*Your instructions*
Starting at the first line of the data, print every line up to and including the one with "Jessica Alba and", but no pictures.

*Recorded information*
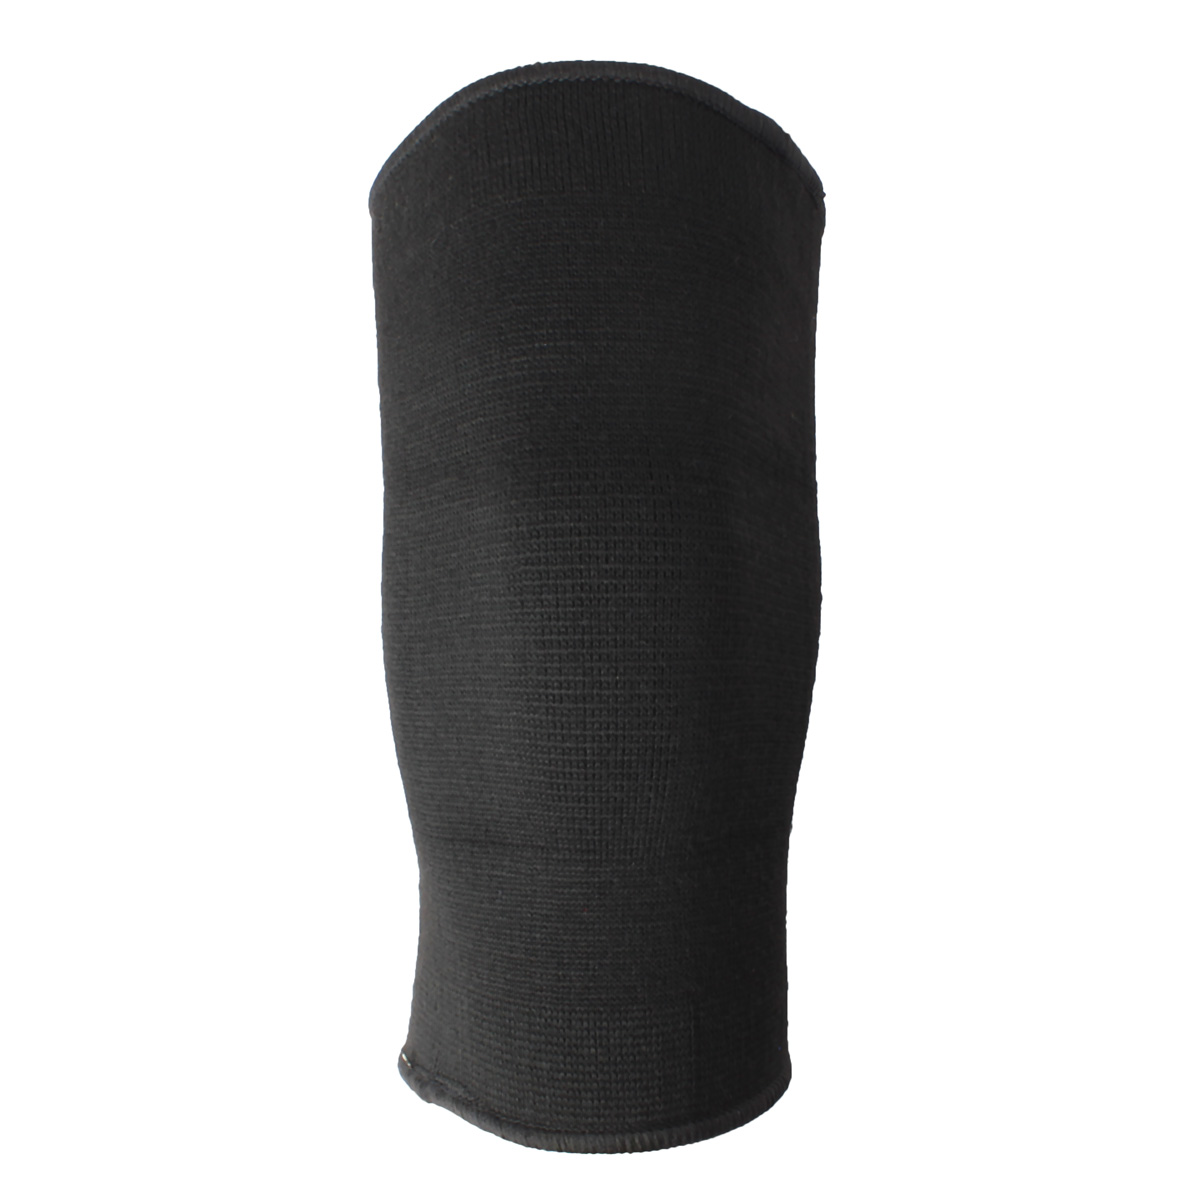 Thigh-Sleeve-Calf-Leg-Compression-Hamstring-Groin-Support-Brace-Protective-984505
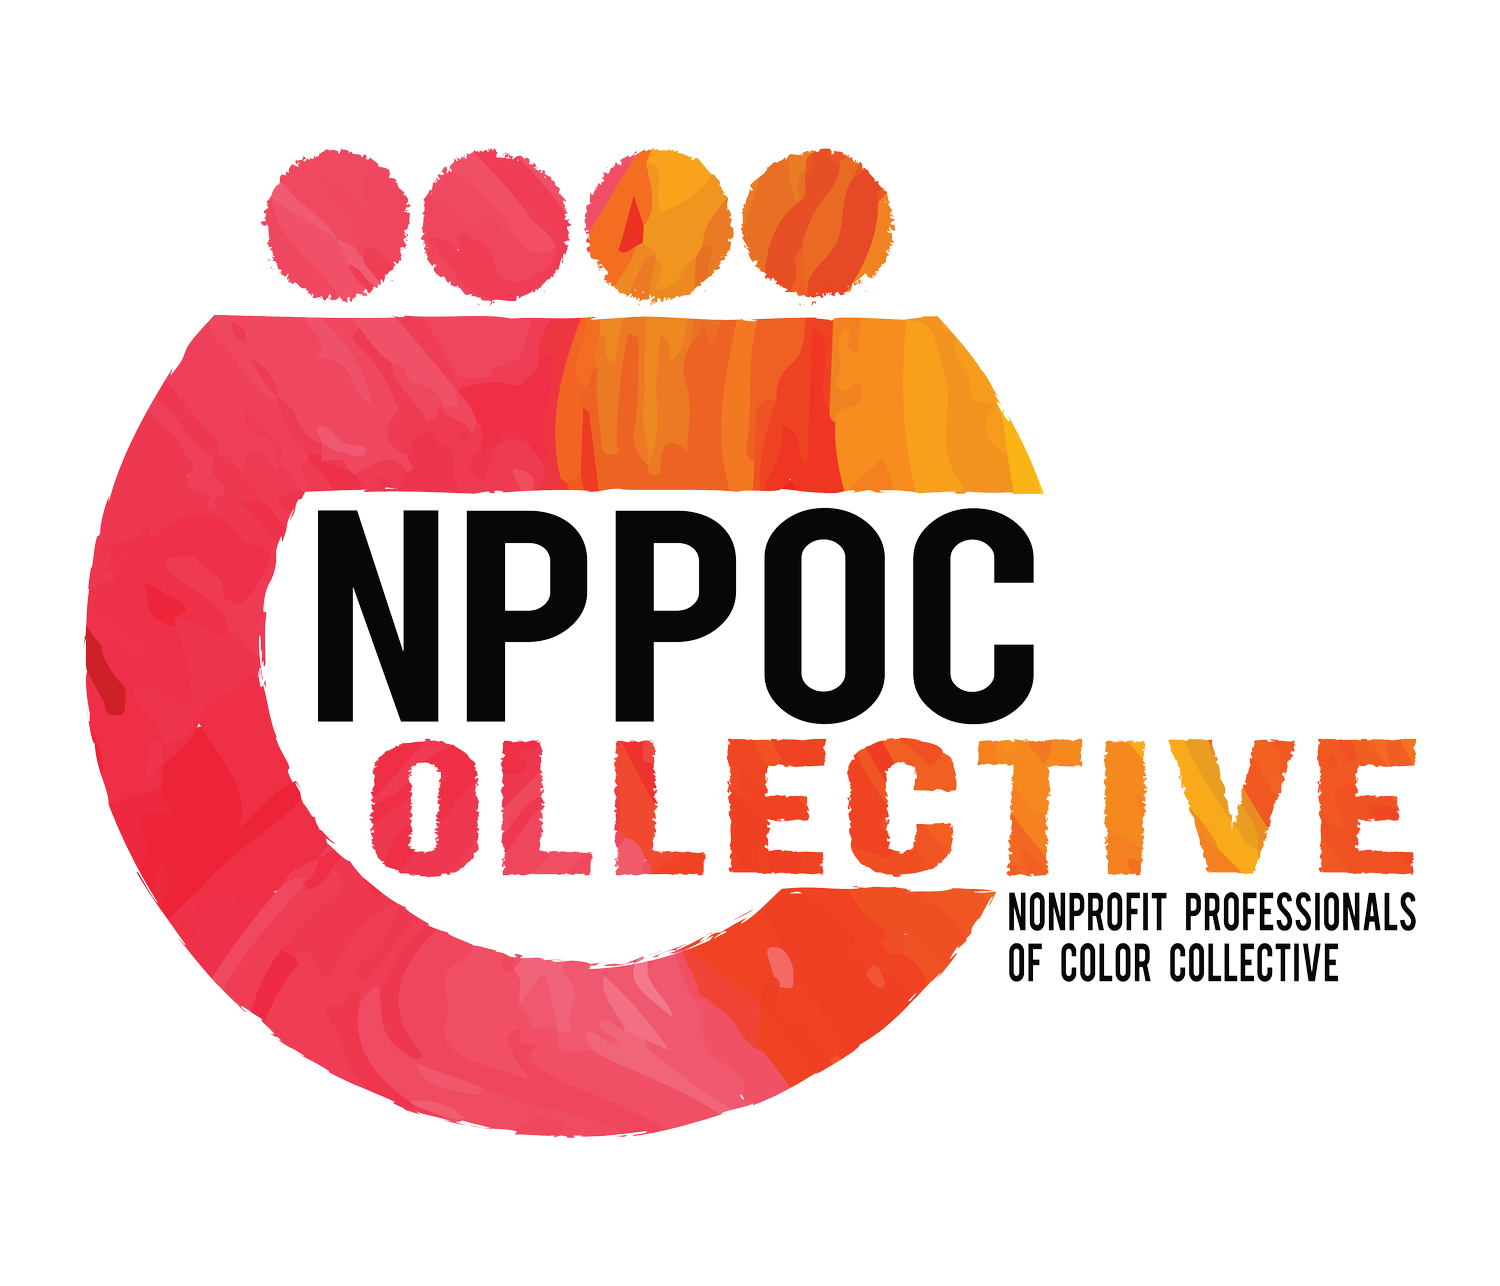 Nonprofit Professionals of Color Collective
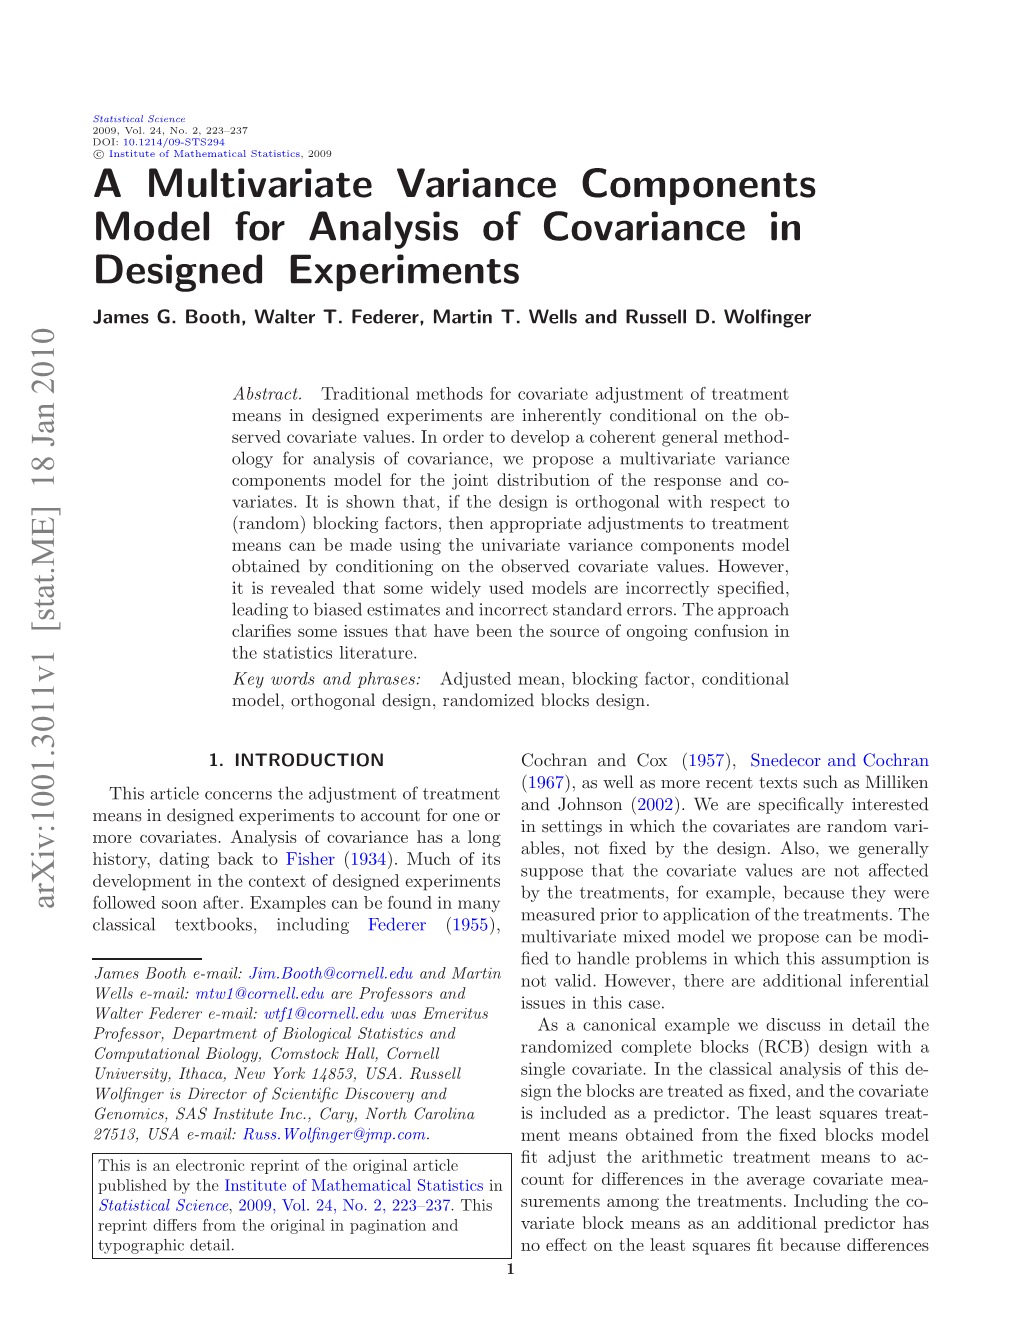 A Multivariate Variance Components Model for Analysis of Covariance In
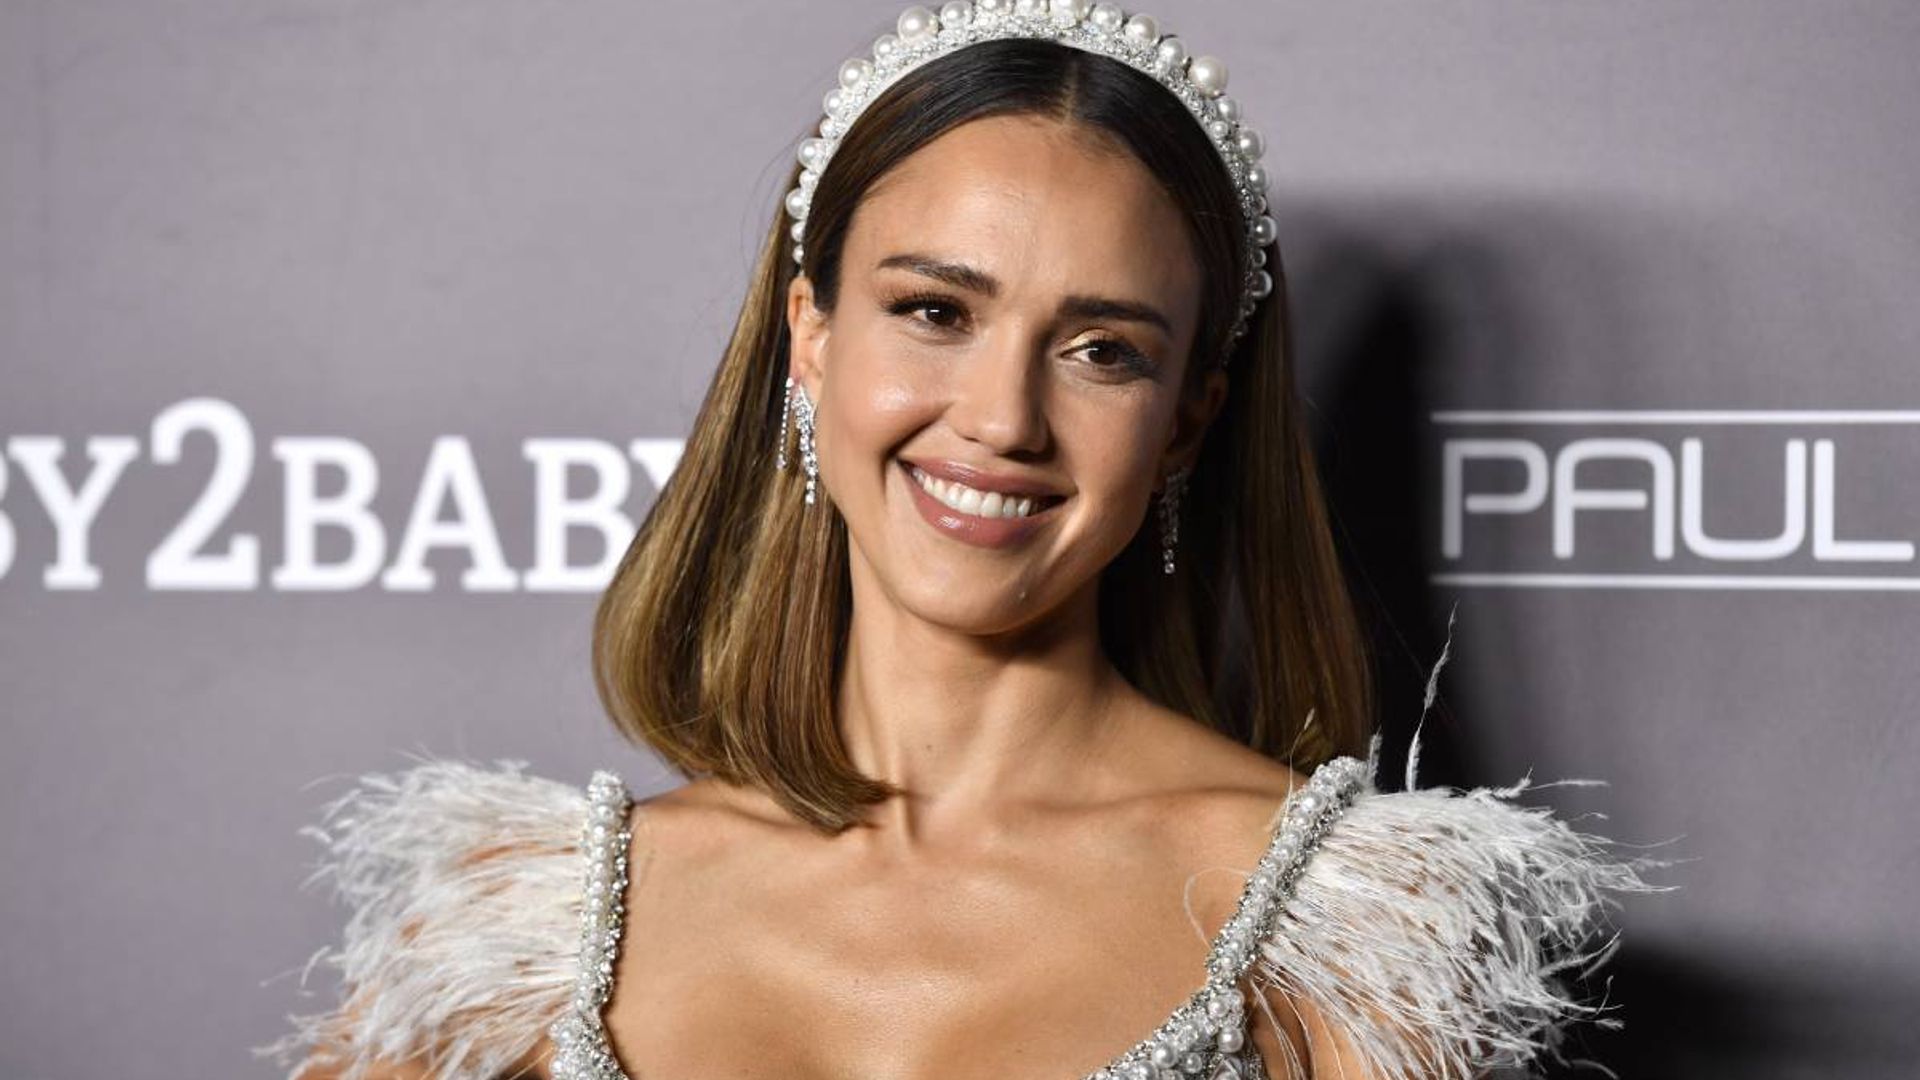 Jessica Alba and her daughter are twinning in floral dresses - and she looks so grown up
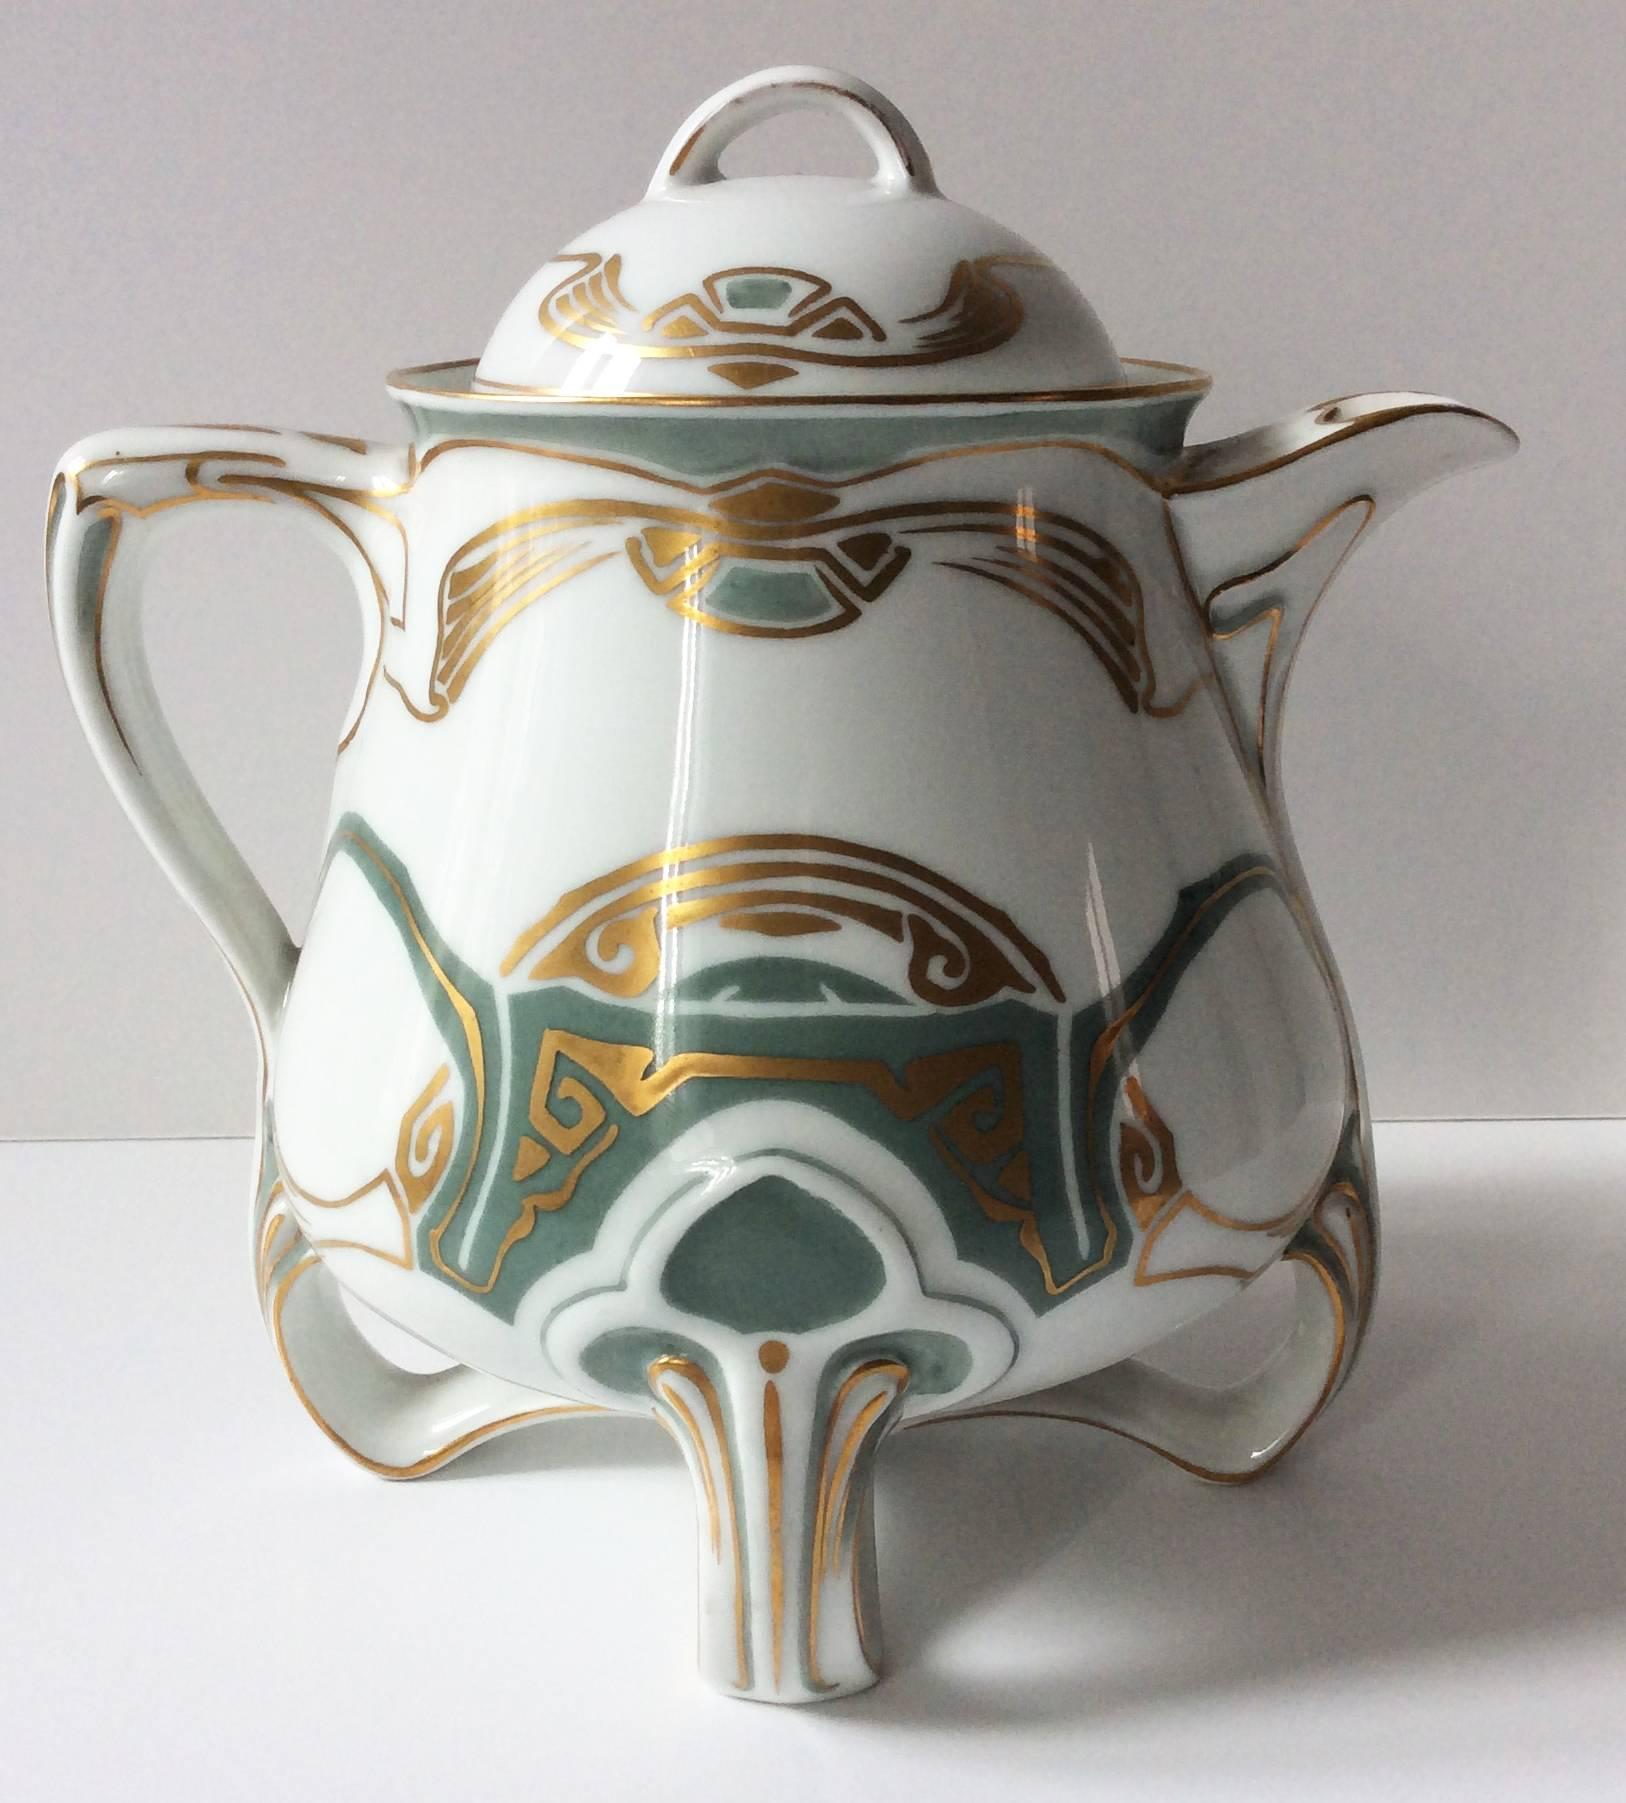 Seven glazed white, green and golden painted porcelain pieces set:
One tea or coffee pot with lid (dimensions: H 7in, depth 7.8in, width 5.8in).
One creamer (H 5.5in, depth 5.2in, width 4in).
One sugar pot with lid (H 4.7in, Diam 5.5in).
Two tea

*Exercise answer*
 Thigh-Sleeve-Calf-Leg-Compression-Hamstring-Groin-Support-Brace-Protective-984505
 Nonprofit Professionals of Color Collective
 A Multivariate Variance Components Model for Analysis of Covariance In
 Jessica Alba and her daughter are twinning in floral dresses - and she looks so grown up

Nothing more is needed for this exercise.